= Military capability =

Term for the ability for military action

Military capability is defined by the Australian Defence Force as "the ability to achieve a desired effect in a specific operating environment". It is defined by three interdependent factors: combat readiness, sustainable capability and force structure.

In terms of technologies, weapons and equipment use, it represents assets, that exist to perform specific functions in relation to requirements of the statement about present or future military operations as derived from the national defence policy (strategic). A national Capabilities Development Plan seeks to provide a global understanding of capability needs, capability trends and potential capability shortfalls.

Military capability is often referred to in terms of low, medium and high, although this usually refers to the type, quantity and sophistication of technology being used in combat operations, and the severity of threat to security of the state.

Maintaining military capability requires modernisation of military technology, particularly prevalent in Europe since the Middle Ages due to the arms race that commenced with the introduction of artillery and later firearms into warfare.

In the European Union, capability development is approached by the Capability Directorate focusing on three primary areas:
- IAP: Information Acquisition & Processing – Knowledge
- GEM: Guidance, Energy & Materials – Engagement
- ESM: Environment, Systems & Modelling – Manoeuver

Existing military capability in armed forces will be employed, and only minor enhancements are possible in a short conflict. The context within which the military capabilities are used such as the geography of the area of operations, the culture and demography of the enemy, and the preparedness of the opposing forces, generally can not be altered at the start of the conflict.

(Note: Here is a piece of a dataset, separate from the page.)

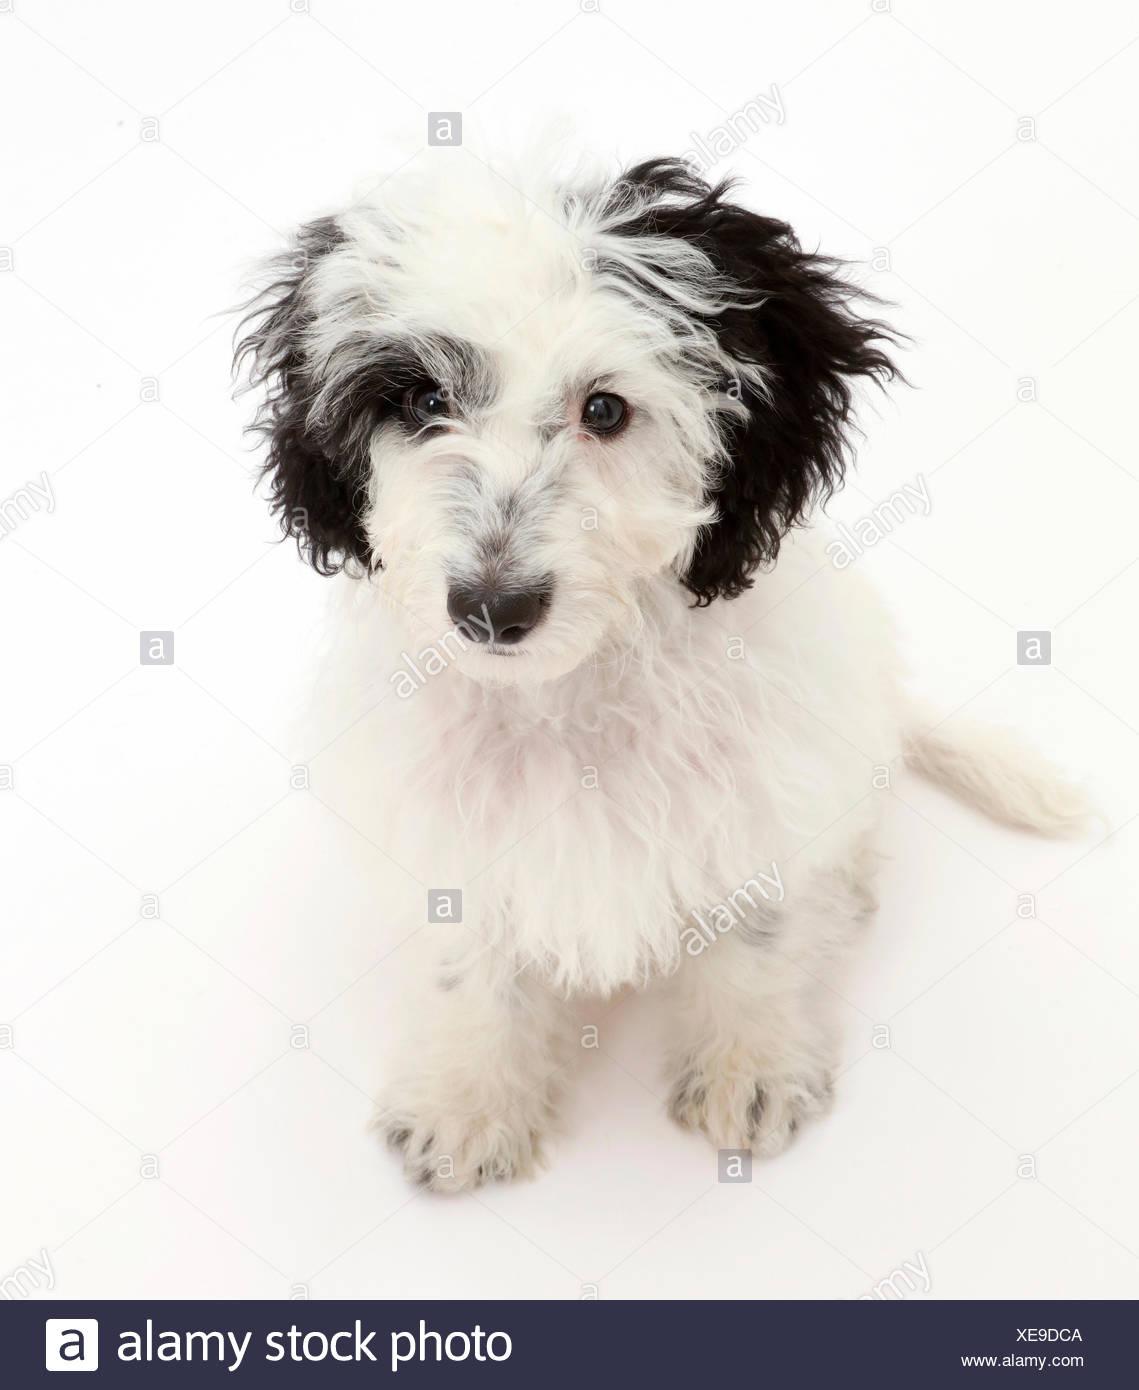 Black-and-white Cockapoo puppy. - Stock Image
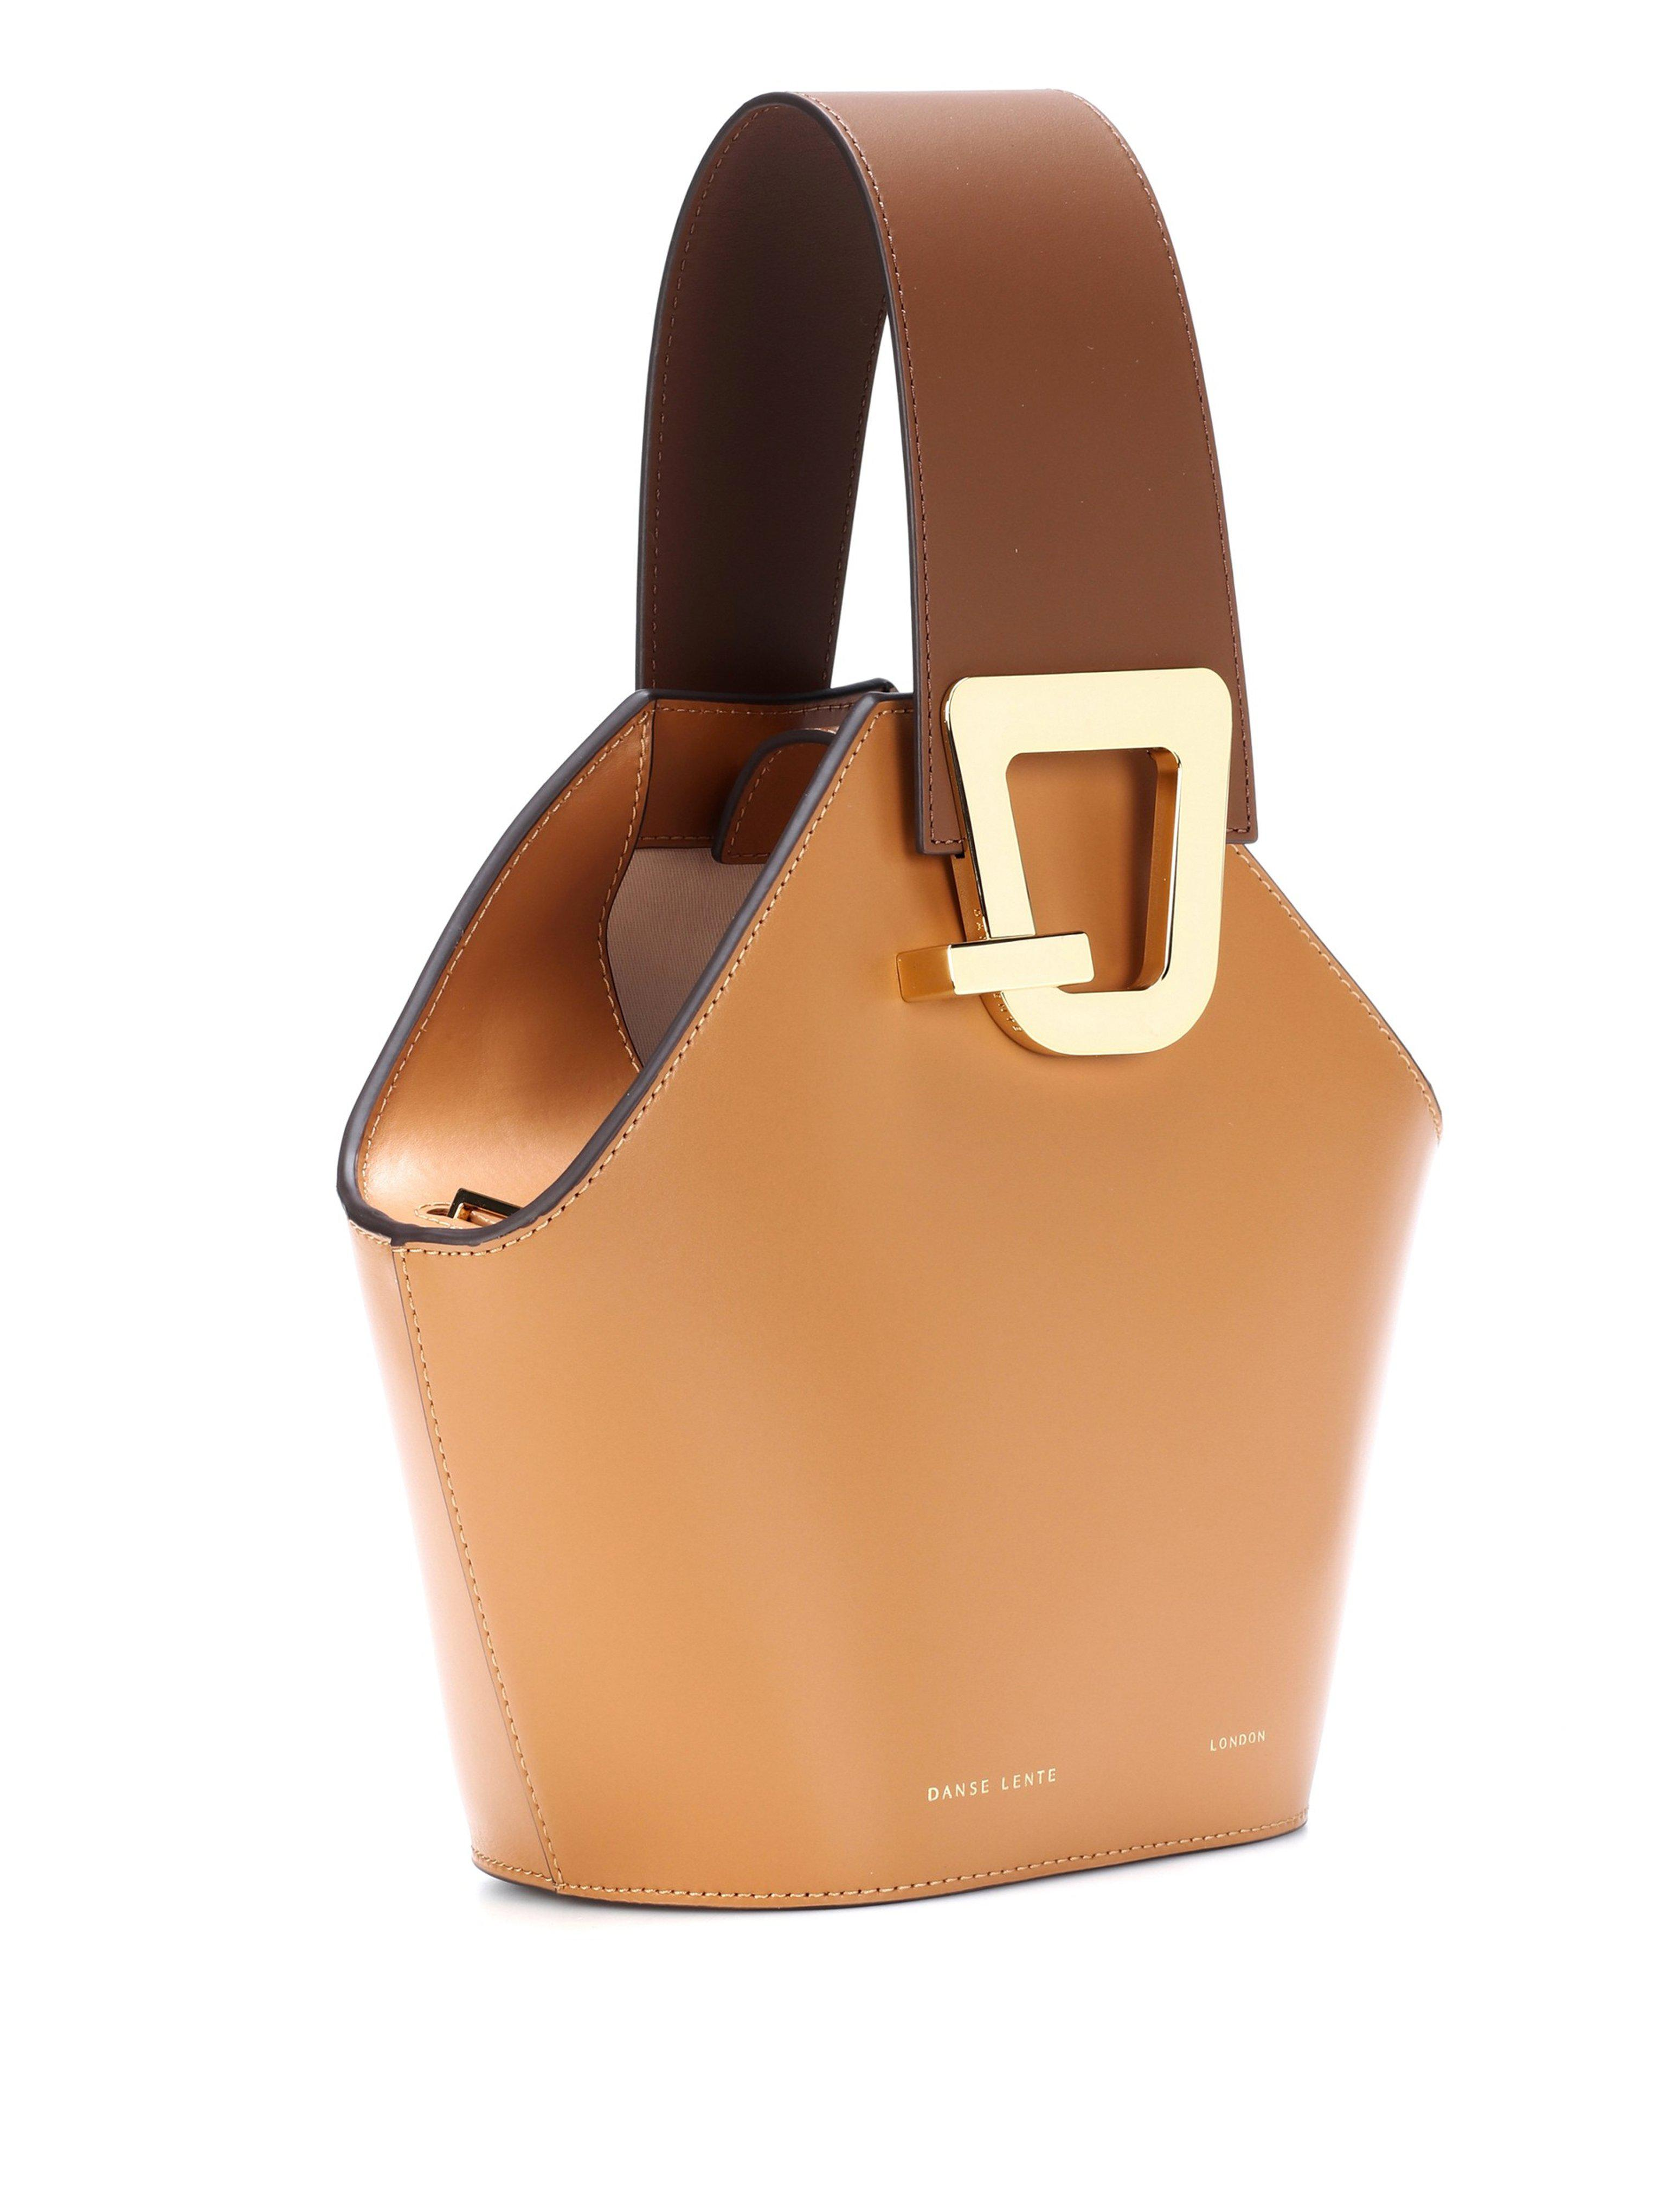 31969013d195 Lyst - Danse Lente Mini Johnny Bucket Bag In Light Brown Leather in Brown

It is a major part of military science to find methods of defeating the enemy with available capabilities using existing and new concepts. Successful use of military capability by employing these concepts and methods is reflected in the effects on the enemy ability to continue to resist, subject to Rules of Engagement (ROE) range of political, legal and ethical factors. Military capability is often tested in peacetime by using the scenario methodology to analyse performance, often as a war game. It is:
The military's strategic role is to advise civilian leadership on the capability of military forces to execute specific missions.

Future military capability is developed based on the analysis of experimentation and testing of existing capability performance, and future capability decisions are made based on the armed forces being able to meet the challenges of a range of possible future scenarios. This is arguably a difficult task to accomplish due to the lack of predictability about future threats, changes in defence policy, and the range of response options and their effects that a government may want as a matter of future national defence policy.

The difference between expected and deliverable military capabilities is called the military capability gap, although the same term is also sometimes used to compare capabilities of potential future belligerents.

The vast majority of international relations studies and defense analyses assume that military power is a direct product of material resources, often measured in terms of the size of a state's defense budget, military forces, or gross domestic product (GDP). A growing body of research, however, claims that certain non-material factors significantly affect the ability of states to translate their resources into fighting power.